The frozen desert continent, known as Antarctica, is a mostly uninhabitable region with a total land area of 5.4 million square miles. But, only 280,000 sq. km is ice-free. The coldest & driest continent on Earth has no indigenous inhabitants, although it is home to more than 4,000 scientists and ship crew, hailing from different countries. Human activities in this ice-continent are governed by the Antarctic Treaty System (ATS), which has been in force since 1959. The treaty states that Antarctic continent is devoted to peace and science.
Forty-eight treaty member countries have been accumulated into the ATS, but there are no commercial undertakings at the moment. Although seven nations including Australia & UK (Australia claims 42 percent of the continent) have long-standing territorial claims to Antarctica, none of the claims have been recognized under the International law. Geologically, the continent remains least explored in the world, but with improving technology, the possibility of opening up the continent for commercial activities is already causing a commotion among the treaty members.
The ATS prohibits mining in the Antarctic area for an indefinite time period. Many member nations hope that the treaty would be revised in the year 2048. The Madrid Protocol was adopted by all nations, which signed Antarctic treaty. Article seven of Madrid Protocol is said to state that ‘any activity relating to mineral resources is prohibited, other than scientific research’. But, mining experts & even environmentalists are convinced that the ban would be overturned, if there was an errant necessity for minerals.
According to general principles of tectonic plates, mineral & mining experts believe that metalliferous fold belts that are found in African, Australian, and South American continents continue into Antarctica. Common organic minerals such as coal, oil, gas and precious minerals like diamond have been located, but the experts also believe that even if 50 year moratorium on mineral exploration is withdrawn, there are some practical difficulties in extracting minerals from Antarctica. Transportation costs, dangerous terrain, and the continent’s distance from industrialized areas will pose huge challenge for corporates along with robust resistance from environmental organizations like Greenpeace and World Wide Fund for Nature.
China is the recent country to want a large piece of this great continent’s mineral and biological wealth. The country has recently launched its fourth Antarctic Research Center ‘Taishan’, and a fifth one might be opened within the end of this year. It is vital to note that Beijing didn’t care about launching Antarctic research base until 1985, but now Chinese efforts to expand its influence across Antarctic is outpacing other nations’ plans.

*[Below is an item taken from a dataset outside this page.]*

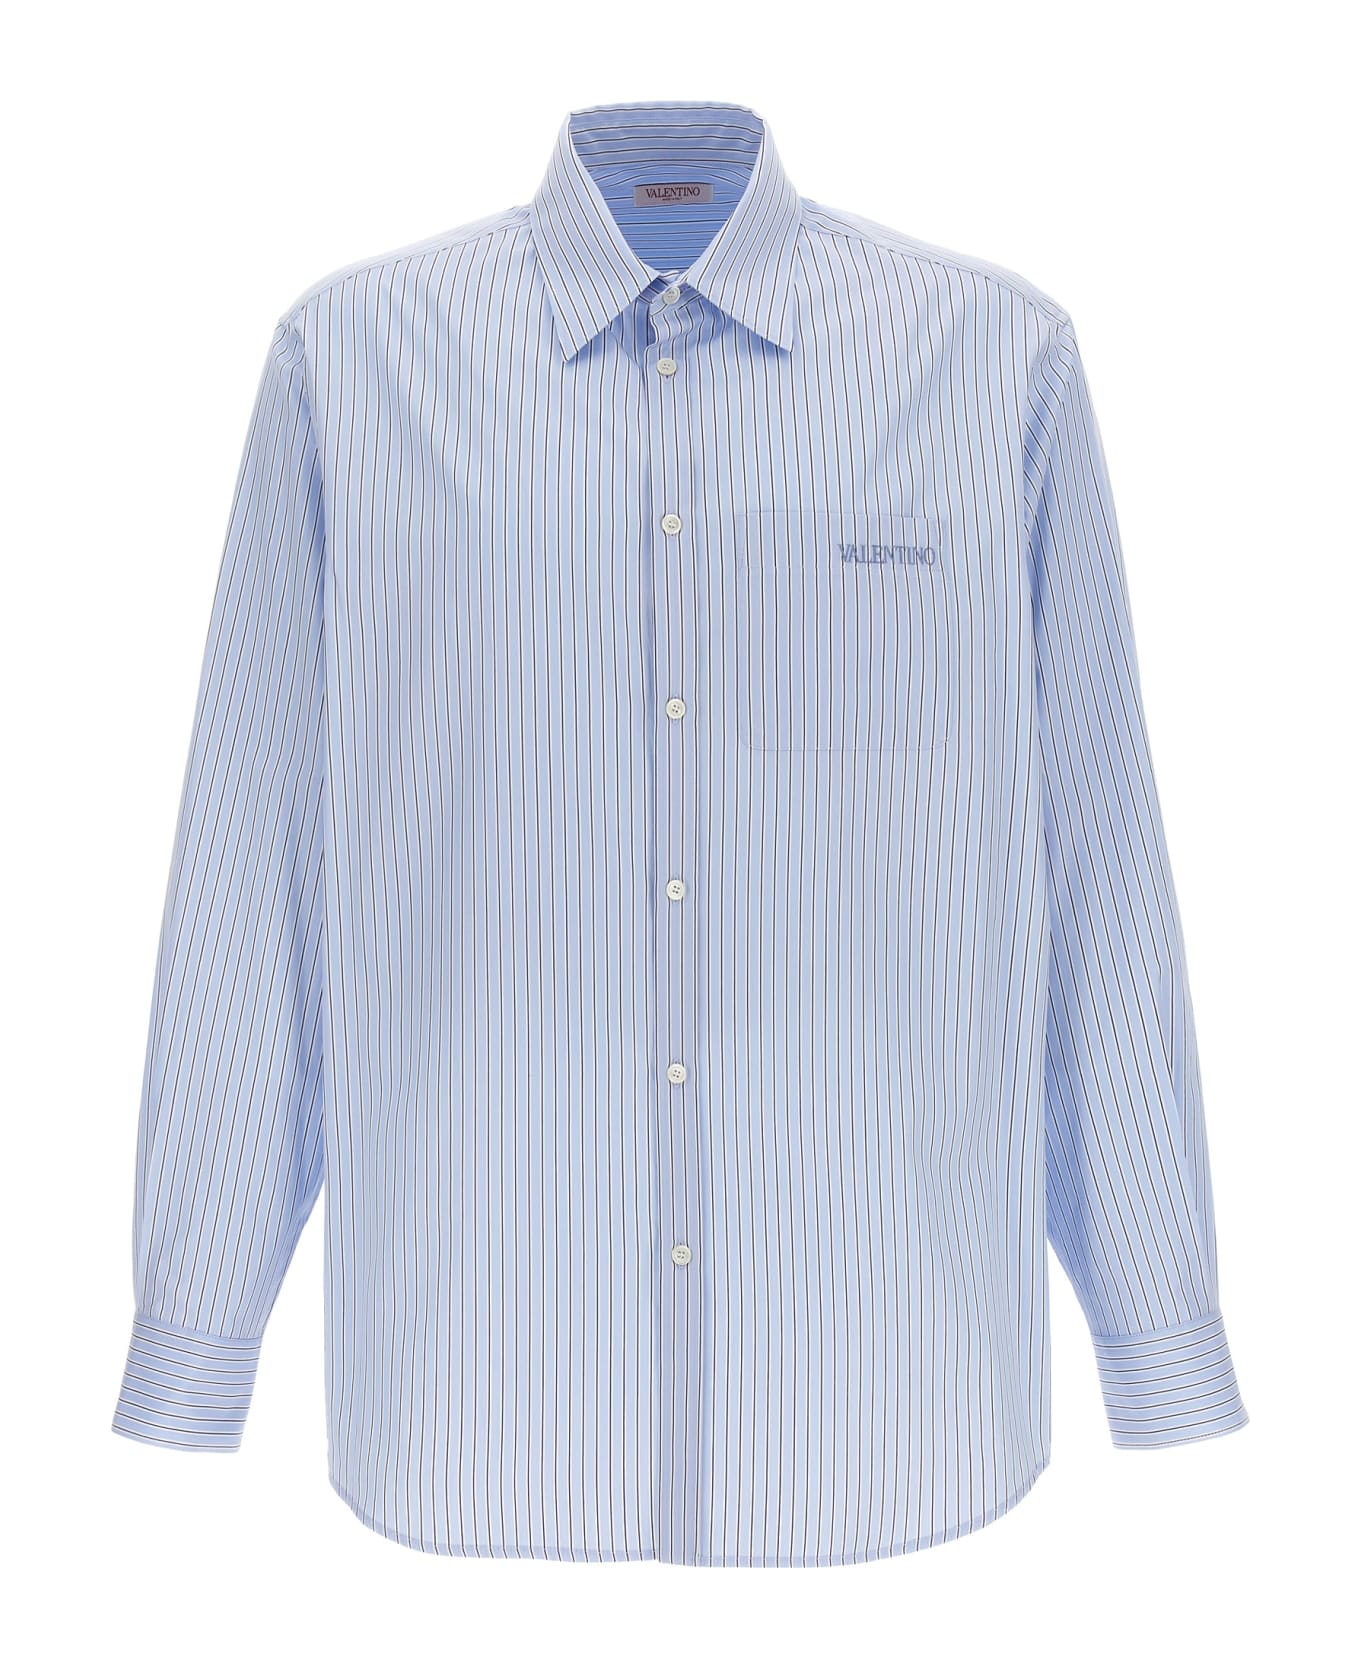 Valentino Garavani Valentino Striped Shirt - Light Blue

The observers of Antarctic affairs believe that the research facilities are just a guise to gain a strategic upper-hand in case the region is opened to commercial drilling. China’s current economic growth could place it at an unrivaled position by the 2040’s in Polar Regions, although US & Australia may strongly challenge China’s claim.
If the mineral exploitation is allowed in the Polar Regions in near future, the resulting environmental impact would totally annihilate the fragile ecosystem of Antarctica. The terrestrial ecosystem in this ice-continent is restricted within 2 percent ice-free land parts, and these lands would be definitely taken for building infrastructures to conduct mineral activity. Later, the adjacent ocean environment would be affected by leaching of chemicals and by definite possibility of oil spills.
The inevitable commercialization of Antarctic Circle in the future would also create conflicts on who should actually share in the benefits of commercialization. The mineral sources we now rely on these days will have passed their peak, and so all eyes will be turning to Antarctica. The technological advances and the cost and feasibility of the mineral exploitation will be much more realistic, 20 years from now. It is going to be lot harder for powerful governments to take a decision to not butcher the relatively pristine environment of Antarctica.